> [TASK STATEMENT]
From the data that follows, set down exactly the lines from the one with "Resident Evil 4, personaje" through the one with "Powerline Gartentechnik Rasentraktor", counting both. Pictures stay out.

> [RECORDS]
* * * * * * * * *

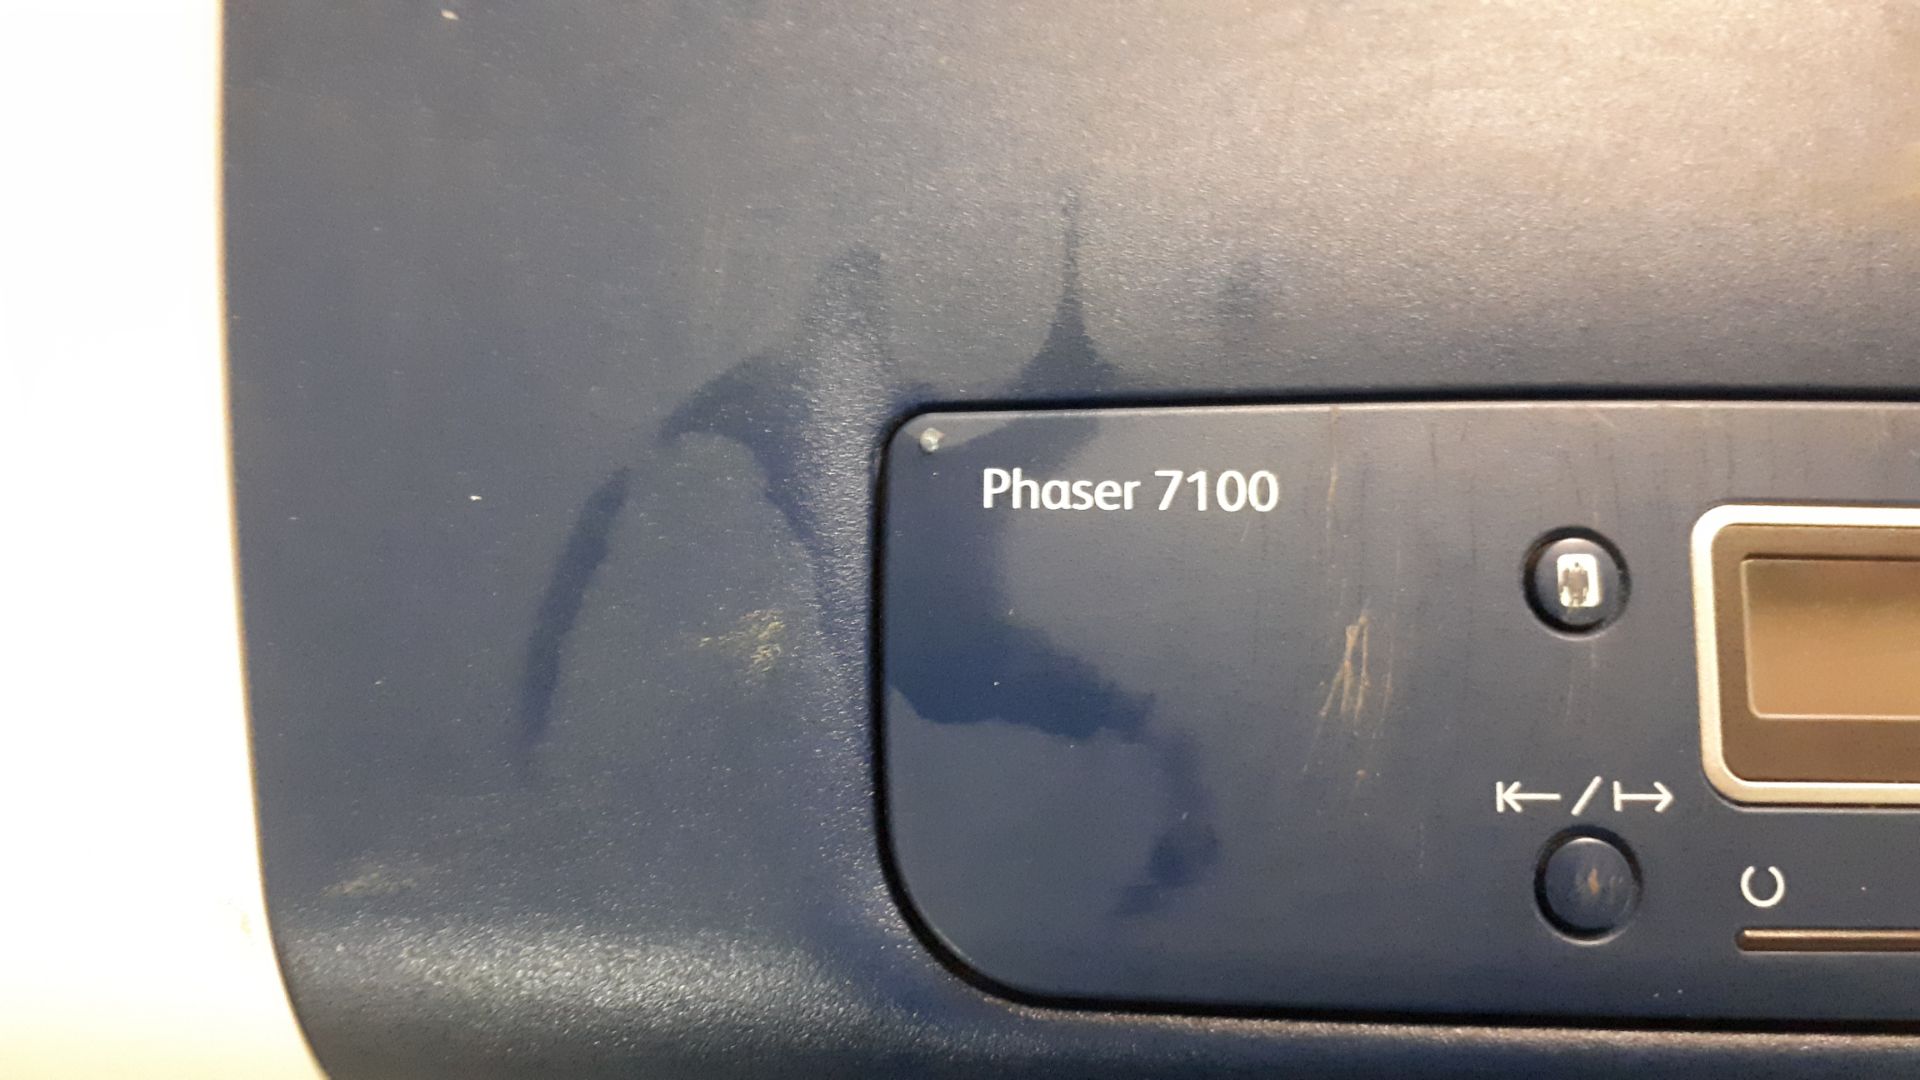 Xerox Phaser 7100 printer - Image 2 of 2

* * * * * * * * *

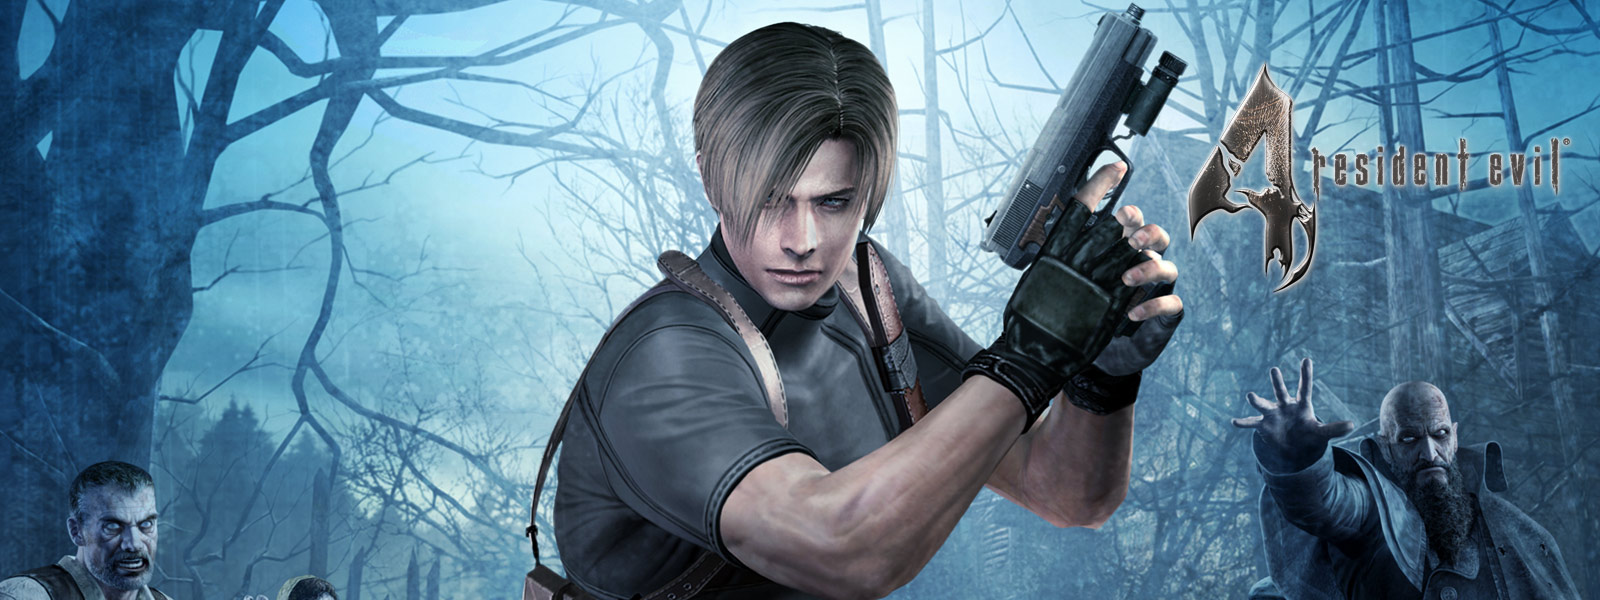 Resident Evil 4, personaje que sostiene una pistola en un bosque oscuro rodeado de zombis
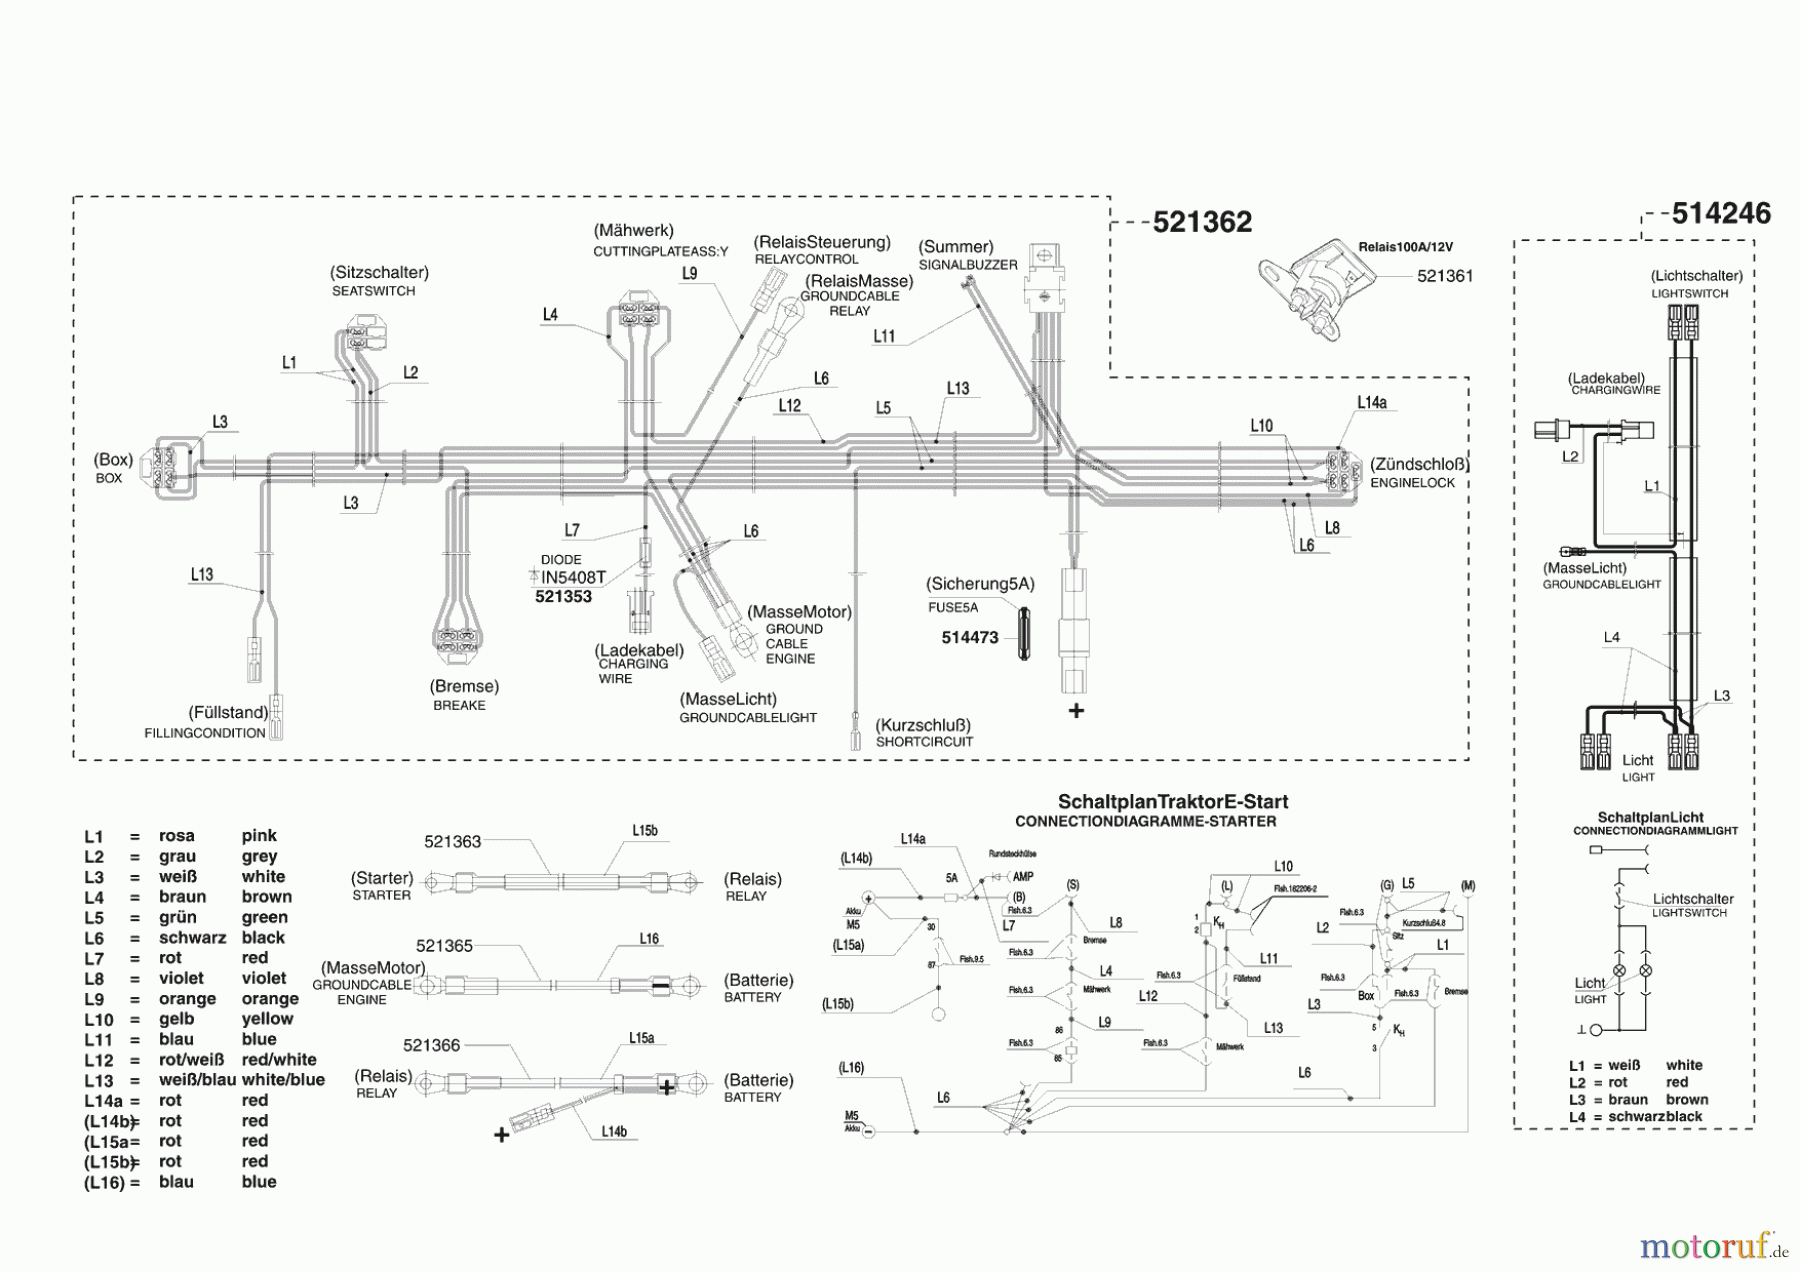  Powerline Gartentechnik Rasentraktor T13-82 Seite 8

* * * * * * * * *

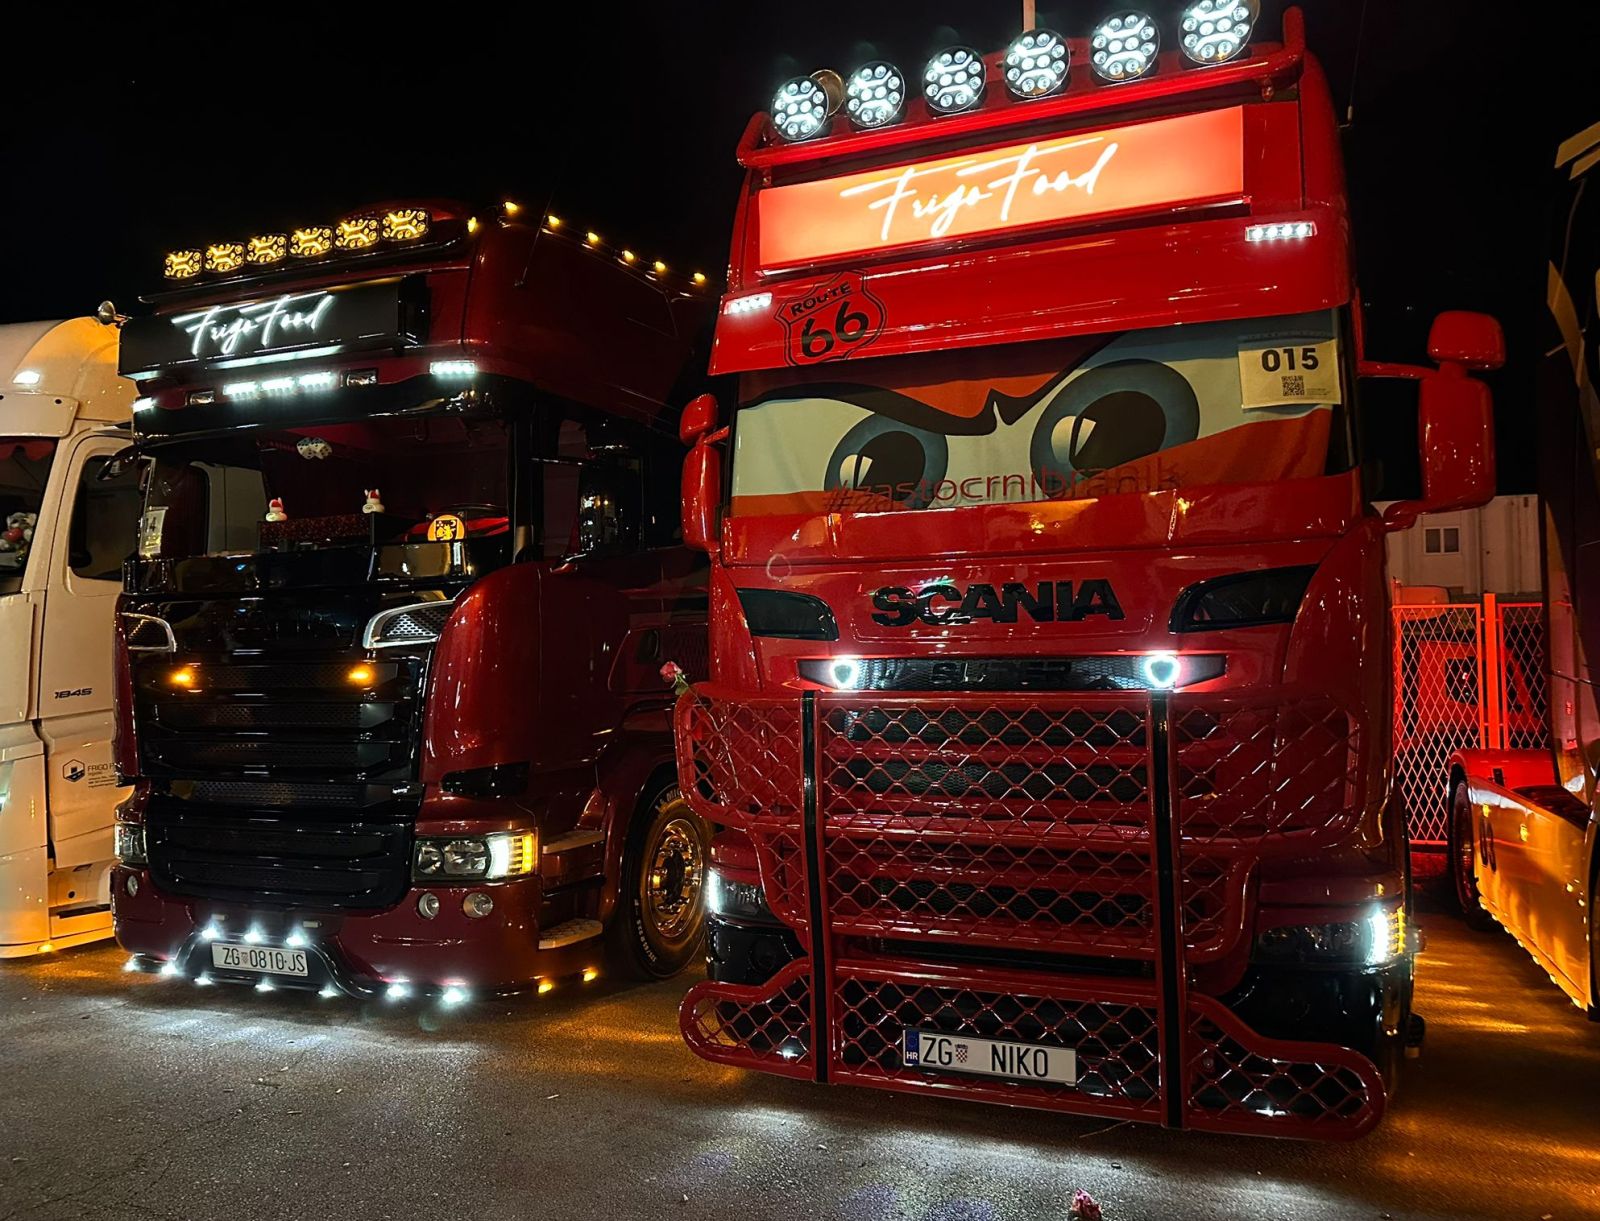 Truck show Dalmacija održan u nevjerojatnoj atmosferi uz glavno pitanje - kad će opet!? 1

* * * * * * * * *

> [SOLUTION FOR THIS EXERCISE]
 Resident Evil 4, personaje que sostiene una pistola en un bosque oscuro rodeado de zombis
  Powerline Gartentechnik Rasentraktor T13-82 Seite 8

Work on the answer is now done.